The subway strike that crippled Sao Paulo from Thursday may have been temporarily suspended but things are not looking good for the host city of the World Cup’s opening match.

On Monday night, the five-day industrial action was halted to allow for talks between the metro workers’ union and the state-owned company which runs the public transport system.

Two days of negotiations will come to a close on Wednesday night, but the sacking of 42 metro workers for their actions during the strike has now overtaken pay and conditions as the main point of contention for the union.

Sao Paulo Metro workers' union president Altino de Melo Prazeres Junior said his charges would return to the picket line if the sacked men and women were not reinstated:

"The other demands aren't a priority anymore. The priority is the reinstatement of the 42 comrades."

The initial row was more straightforward.

The union had rejected an offer of an 8.8% pay-rise, instead holding out for their demands of 12.2%.

This level of hardballing may seem a touch harsh to Europeans, but Brazilian inflation is high – 2.86% between January and April alone.

While the official rate has slowed down in recent weeks, an unofficial ‘World Cup’ tariff has seen restaurants, cafes and other private businesses crank up prices by as much as 20%. A local cafe in Rio's Lapa district, for example, had risen the price of a basic meal from around 18 R$ (£4.80) to just under 23R$ (£6) in the space of a month.

And that’s discounting the extortionate prices being charged to foreigners for accommodation - these prices apply to locals too.

Bearing in mind that the average Sao Paulo metro worker will be lucky to take home £500 a month – a figure which is even lower in Rio de Janeiro – you can understand the anger of workers.


However, there is more to this dispute than meets the eye.

The nature of the industrial action itself was illegal – regardless of political views, striking key workers are legally obliged to provide a minimum service, a rule which holds in the United Kingdom as well as Brazil.
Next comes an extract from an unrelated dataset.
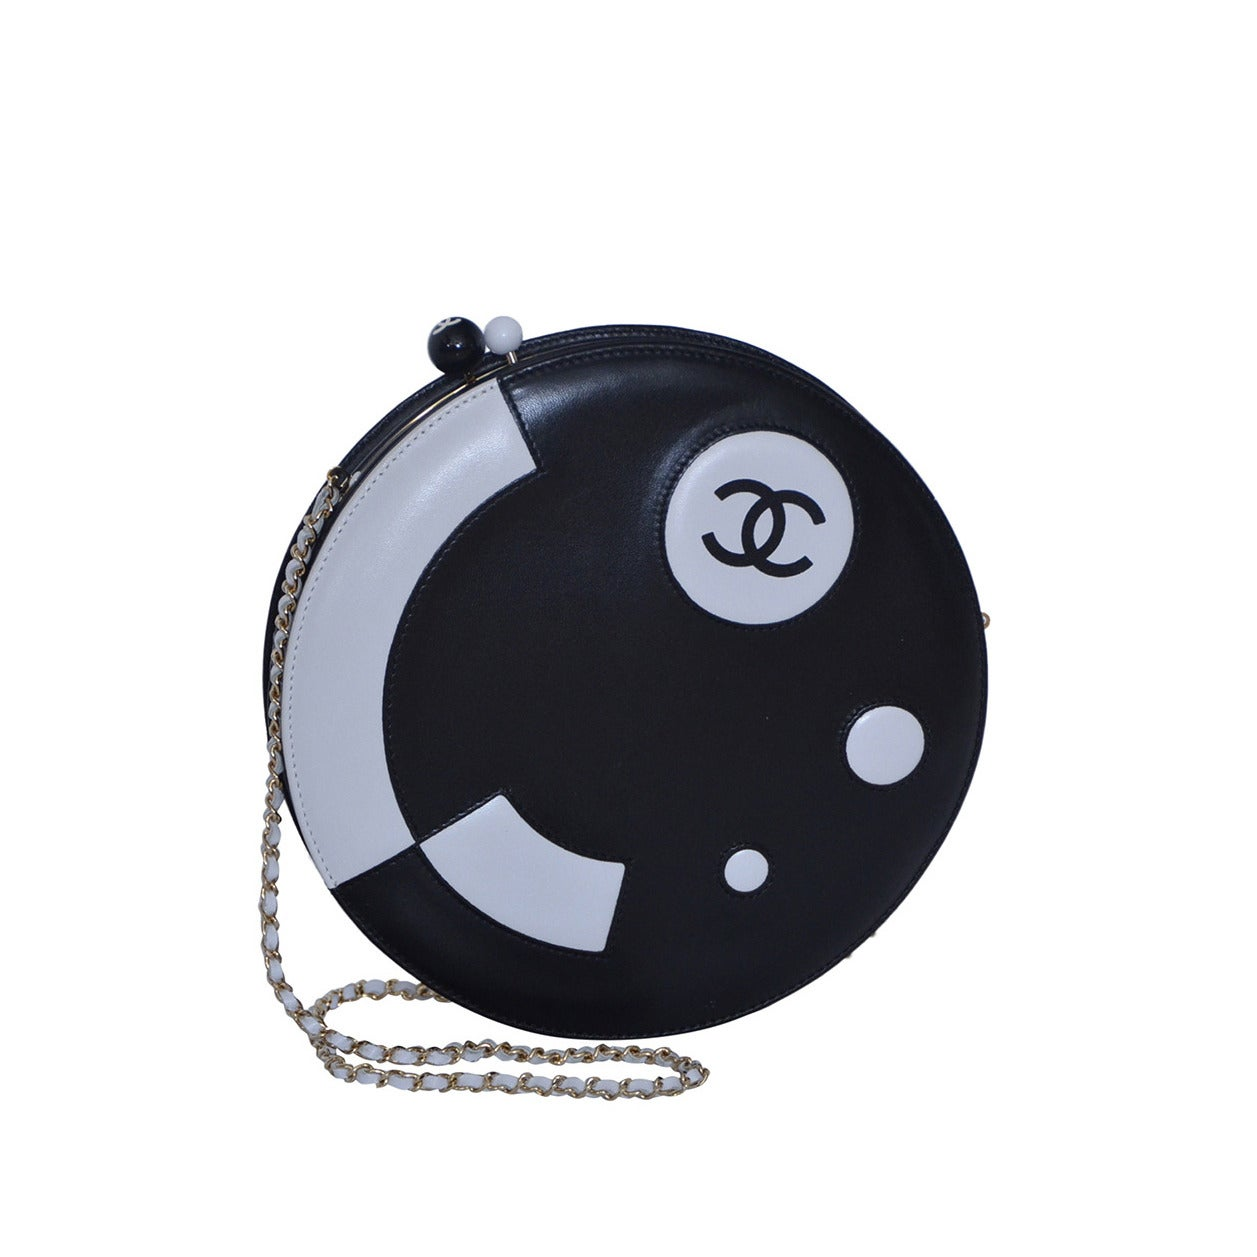 Chanel Rare Circle Vintage Handbag  Mint

The Sao Paulo metro workers’ union completely abandoned this responsibility, apparently inspired by the city’s bus drivers, who left their vehicles on public highways with tyres deflated.

That bus strike led to appalling scenes on Sao Paulo’s metro service last week – these are scenes from the stop which serves the Arena Sao Paulo after a Corinthians match. Yes, that is where Thursday’s opener between Brazil and Croatia is being held.

During the days of this week's metro strike, locals and foreigners reported appalling delays in and around Sao Paulo.

Delays of four hours to get from A to B were reported as the standard; it took the Guardian’s Hadley Freeman 13 hours to get from airport to stadium.

Sao Paulo state transport secretary Jurandir Fernandes said he would lay on extra buses should the strike resume.

But the Arena Sao Paulo is on the fringes of the city, a city which is prone to traffic gridlock at the best of times, so how this would help remains to be seen.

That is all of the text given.